Spatially distributed multipartite entanglement enables Einstein-Podolsky-Rosen steering of atomic clouds
Philipp Kunkel, Maximilian Pr\"ufer, Helmut Strobel, Daniel Linnemann,, Anika Fr\"olian, Thomas Gasenzer, Martin G\"arttner, Markus K. Oberthaler

TL;DR
This paper demonstrates how spin mixing in a Bose-Einstein condensate can generate local entanglement that is then spatially distributed, enabling Einstein-Podolsky-Rosen steering and multipartite entanglement detection in atomic clouds.
Contribution
It introduces a method to generate and detect spatially distributed entanglement and EPR steering in ultracold atomic systems, advancing quantum communication capabilities.
Findings
Successfully generated local entanglement via spin mixing.

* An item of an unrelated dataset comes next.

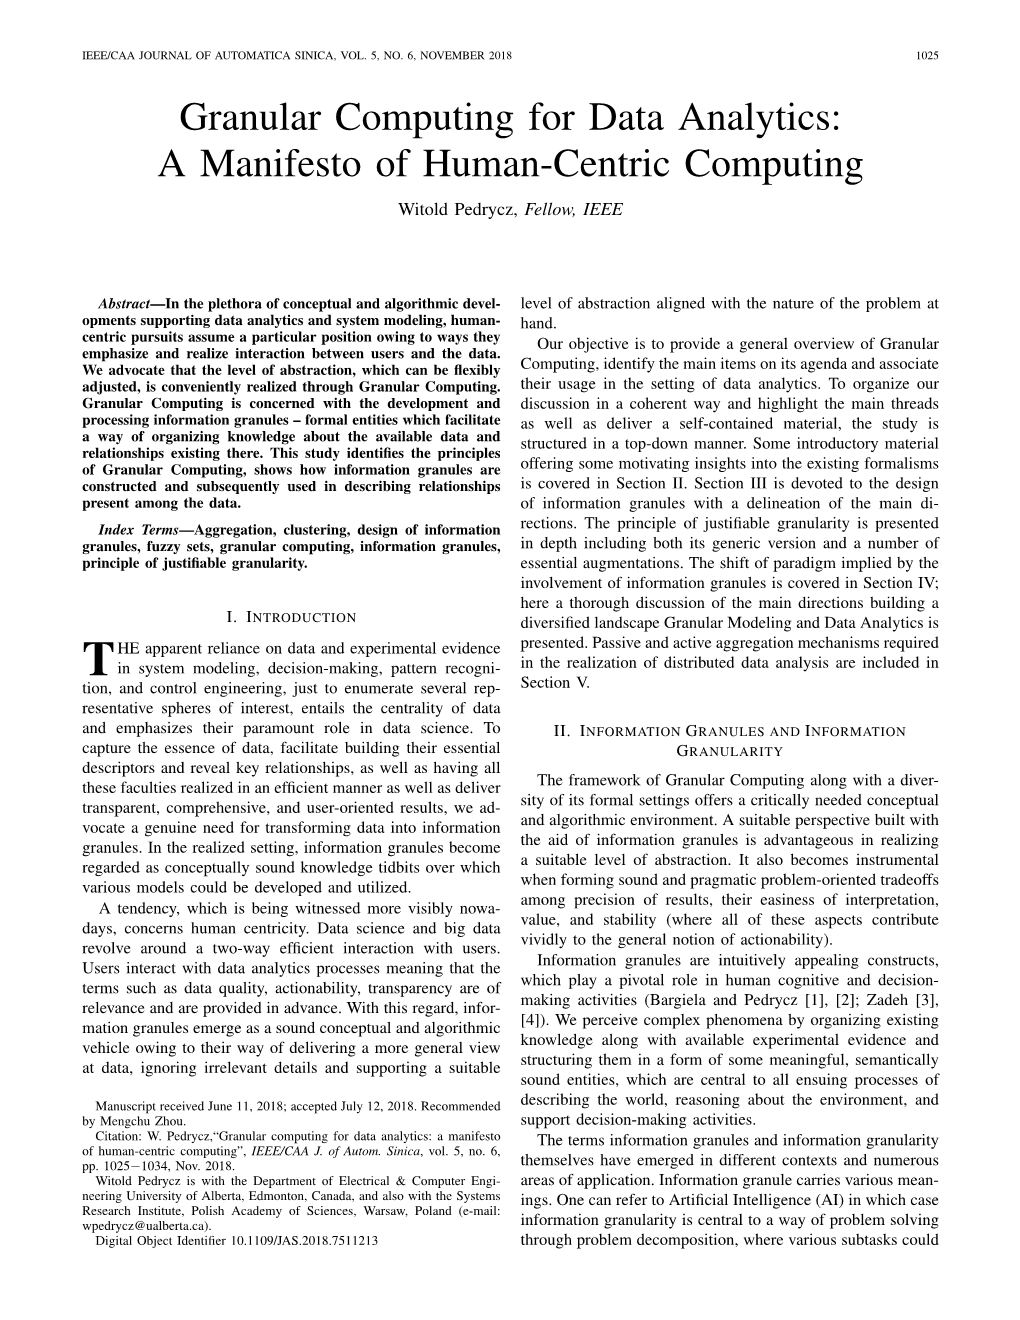 Granular Computing for Data Analytics: a Manifesto of Human-Centric Computing Witold Pedrycz, Fellow, IEEE

Distributed entanglement through cloud expansion.
Detected genuine five-partite entanglement.
Abstract
A key resource for distributed quantum-enhanced protocols is entanglement between spatially separated modes. Yet, the robust generation and detection of nonlocal entanglement between spatially separated regions of an ultracold atomic system remains a challenge. Here, we use spin mixing in a tightly confined Bose-Einstein condensate to generate an entangled state of indistinguishable particles in a single spatial mode. We show experimentally that this local entanglement can be spatially distributed by self-similar expansion of the atomic cloud. Spatially resolved spin read-out is used to reveal a particularly strong form of quantum correlations known as Einstein-Podolsky-Rosen steering between distinct parts of the expanded cloud. Based on the strength of Einstein-Podolsky-Rosen steering we construct a witness, which testifies up to genuine five-partite entanglement.